I do have to go in to feed them today. My next hive will have an exterior feeder so I don't have to go in and disturb them. 

My husband and I will be starting to build a new tbh soon. I'm not sure I even want to have mesh bottom. There are so many conflicting opinions out there. I lean towards not having the mesh, since that's the way they do it in nature anyway.

ohmmmmmmmm
breathe.....
thanks again Adam....


----------



## ♥Faerie♥ (May 16, 2011)

I looked inside my window yesterday, and it seems they are building all the combs in the middle of the hive? I have an end entrance, and the combs start around the 8th or 9th bar back. Is this ok? Should I go in and move them forward a few bars or leave them alone? One other question, I noticed that they had started to attach some of the comb to the observation window. How do you go about dis-attaching this when you want to pull a bar for inspection or harvest? This is my first year at this, so learning as I go, thanks everyone!


----------



## garden angel (Jun 5, 2011)

Faerie,
I'm a newbee, so take what I say with that in mind. Last week my hive was in the exact condition (8 comb built in the middle of the hive). I was told by some experienced tbh keepers to move them in order to the front of the hive. I'd love to hear others opinion of this. I went in and just took the first on they built and put it in the front and sequentially put the rest of them in order behind it. NEWBEE for sure.... I know a little more today than yesterday....only a teensy bit.


----------



## Adam Foster Collins (Nov 4, 2009)

Faerie,

If the combs are straight and easy to move, I would move them closer to the door. Leave one empty bar between the door end wall and the first comb, to allow them to make a comb there with the right space near the wall - or not build one at all.

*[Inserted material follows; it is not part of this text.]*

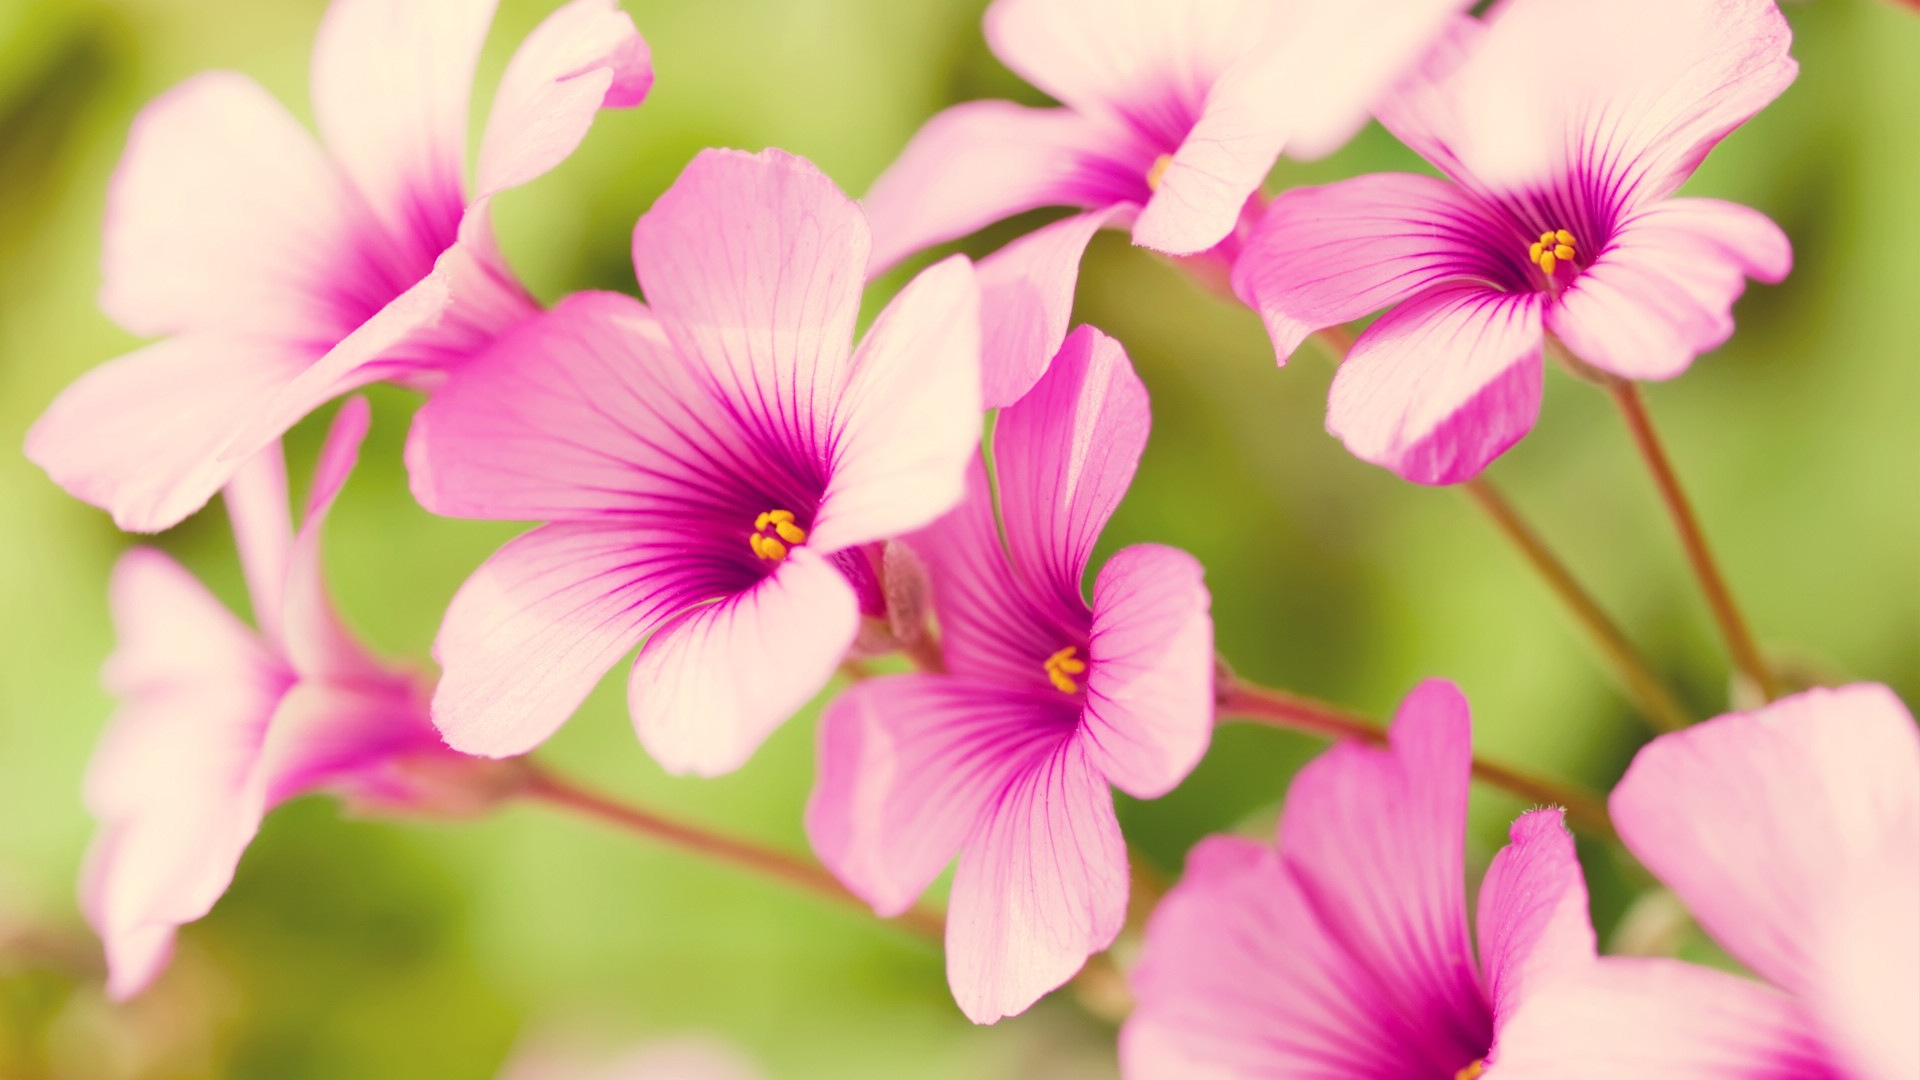 spring flowers 1920x1080

You don't HAVE to move them, and they will be fine. But they tend to locate the nest near the door, so it's likely that they'll move that way gradually if you leave them. That means backfilling those middle combs with honey later. This means you will eventually have honey in combs with cocoons left in them, which is no good for comb honey (if you take it for yourself). You could still crush and strain it. But it also means that the bees are located at one end and can move from there in one direction to stores during the winter.

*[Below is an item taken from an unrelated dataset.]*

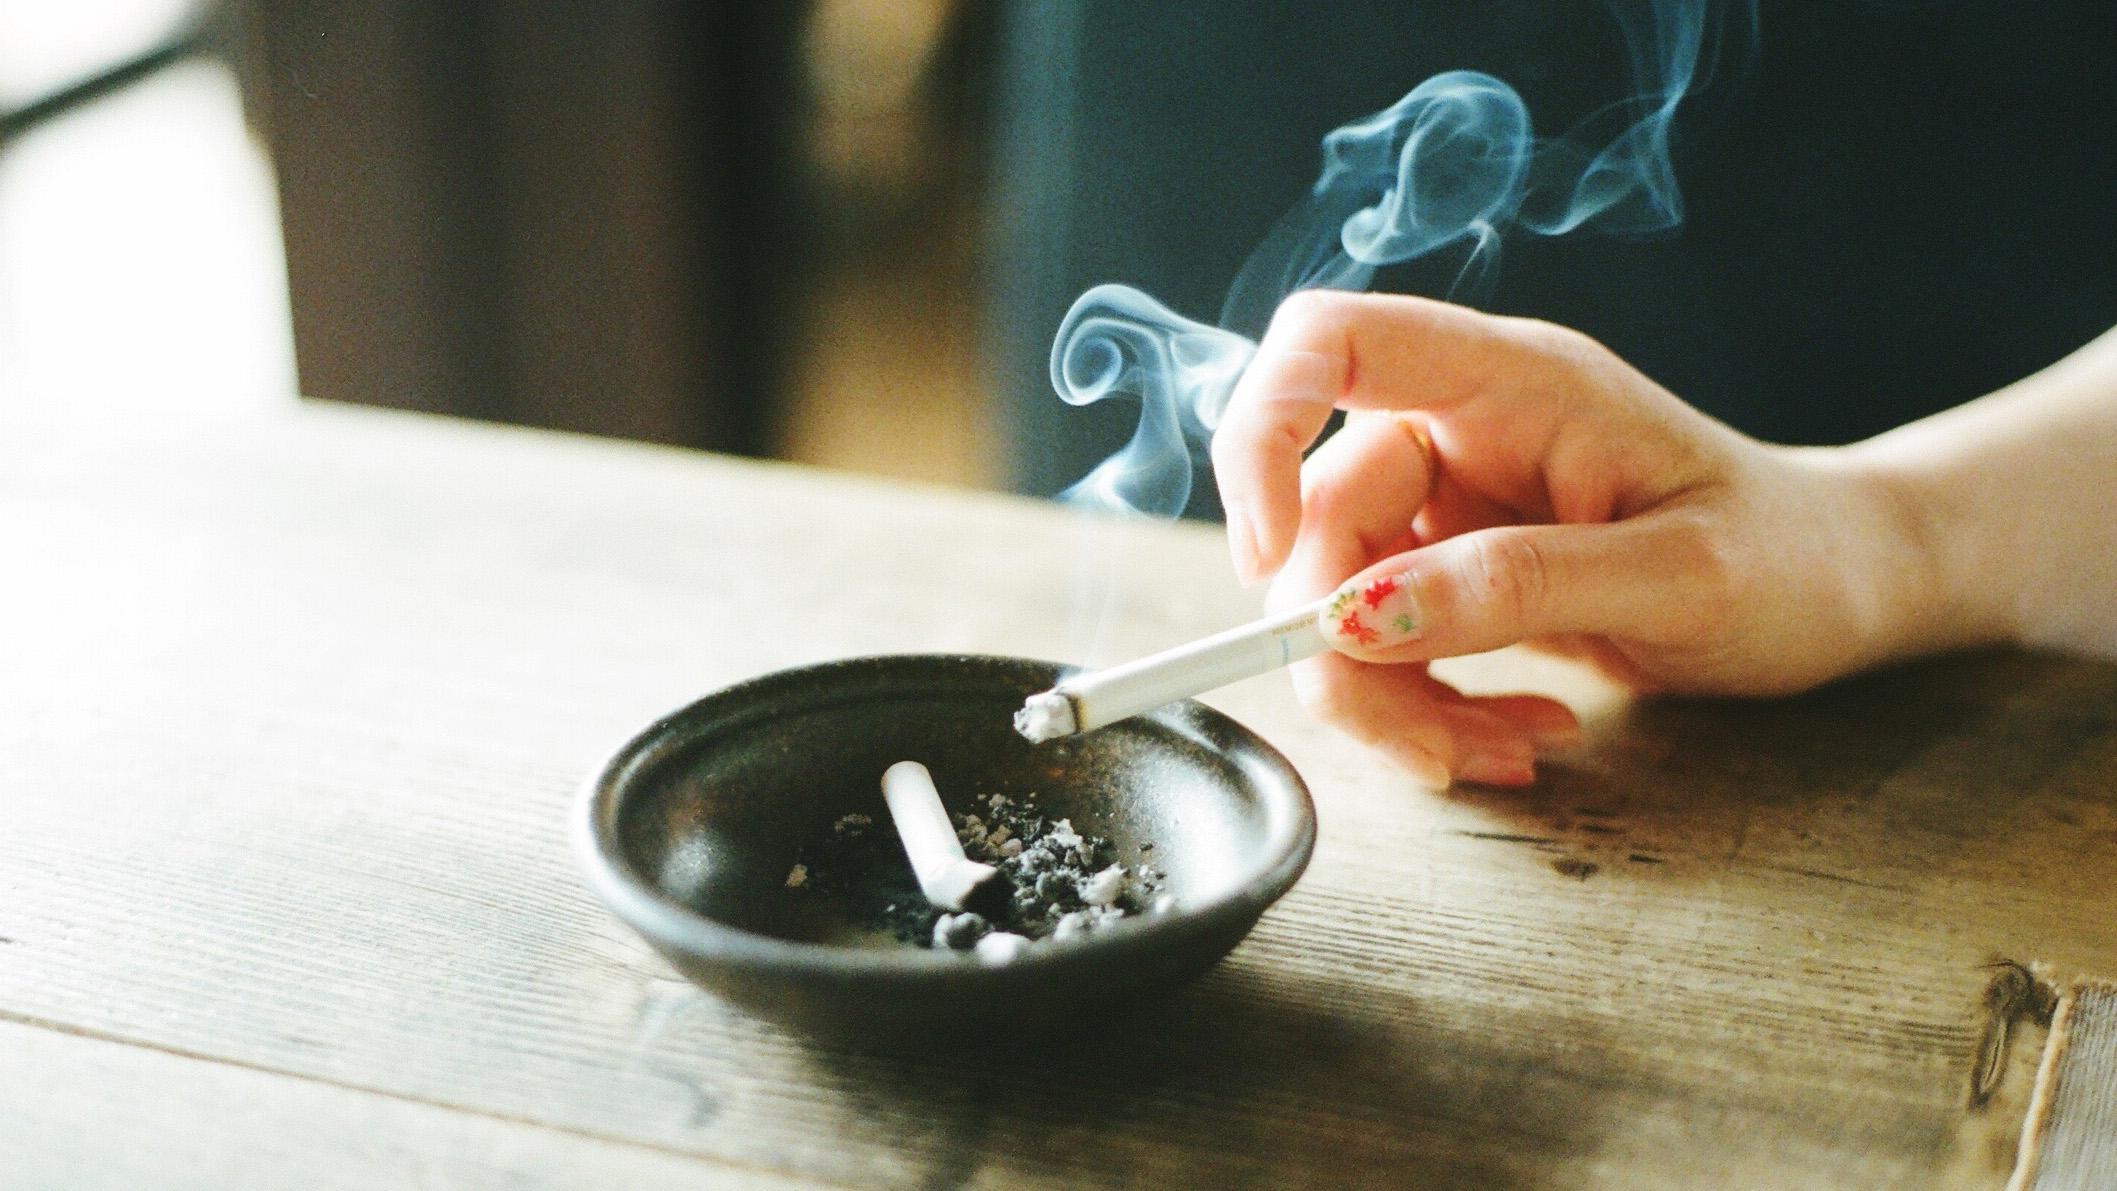 cigarette companies will air anti smoking ads starting this sunday

If you move them, they will expand the nest until they're happy with it and then start storing full bars of honey on new white comb. It keeps it all nicely separate, and nice for harvesting comb honey later if you choose to do so.

It's a choice, not a panic. If the bees are building straight, you're doing great. Things are relatively easy to manipulate with straight comb.

You need to select/make a hive tool. DeeAnna uses a long, cake knife. I use a modified bbq "flipper", others use a long serrated knife. You make that call. It should be long enough to reach in far enough to cut comb attachments loose when you are inspecting. As you go along, you run the knife down the sides of each comb to make sure it's free before you lift it.

As the summer wears on and the combs get heavy, the bees will increase the amount they attach; mostly in the top few inches. It's a structural necessity, and not a worry.

Good to see new people taking it up. Remember, TBH's are not "better for the bees" in themselves. That's a question of how you manage them. Langstroth beekeepers are your friends, and there are a lot more of them to share knowledge with you. Most of which applies just fine to a TBH - because most issues are related more to bee behavior than they are to hive type. There are too many newbee TBH keepers alienating themselves by touting the top bars as "better" or "more natural". Not that you are, it's just a general observation.

Most of us are way too inexperienced to know what is better and what isn't. That's my 2 cents. Take it or leave it.

Have fun, and stay open. The bee is a miracle. 

Adam


----------



## ♥Faerie♥ (May 16, 2011)

Thanks so much Garden Angel and Adam, like I said, I am a first year here, and learning as I go being that I have no one close that can guide me. I may go in this afternoon and more them forward a bit, just since I am such a novice, that it may help me to better keep an eye on brood comb and honey stores. All the combs I have seen are perfectly straight, so I am excited they are doing well that way... Thanks again for the advice, this will definitely not be the last question I ask, I have many many more!


----------



## Adam Foster Collins (Nov 4, 2009)

♥Faerie♥;670052 said:


> ...this will definitely not be the last question I ask, I have many many more!


You and me both!

Adam


----------



## blist (Jun 15, 2010)

garden angel said:


> Adam, thank you for your calming message. I DO need to take a breath and remember how fortunate I am my bees are still here, foraging in my garden and they're working so hard doing their job! Thanks for that reminder.
> 
> I'll be looking for 1/8 inch mesh to overlay on top of the 1/4 inch mesh, just so they'll stop going under it. Right now, my bees are happily learning the new entry. I was able to look inside the observation window this morning and all is well! Phew....
> 
> ...


I am in super hot zone (south Texas) and didn't use a mesh bottom...one entrance on end (bottom).


----------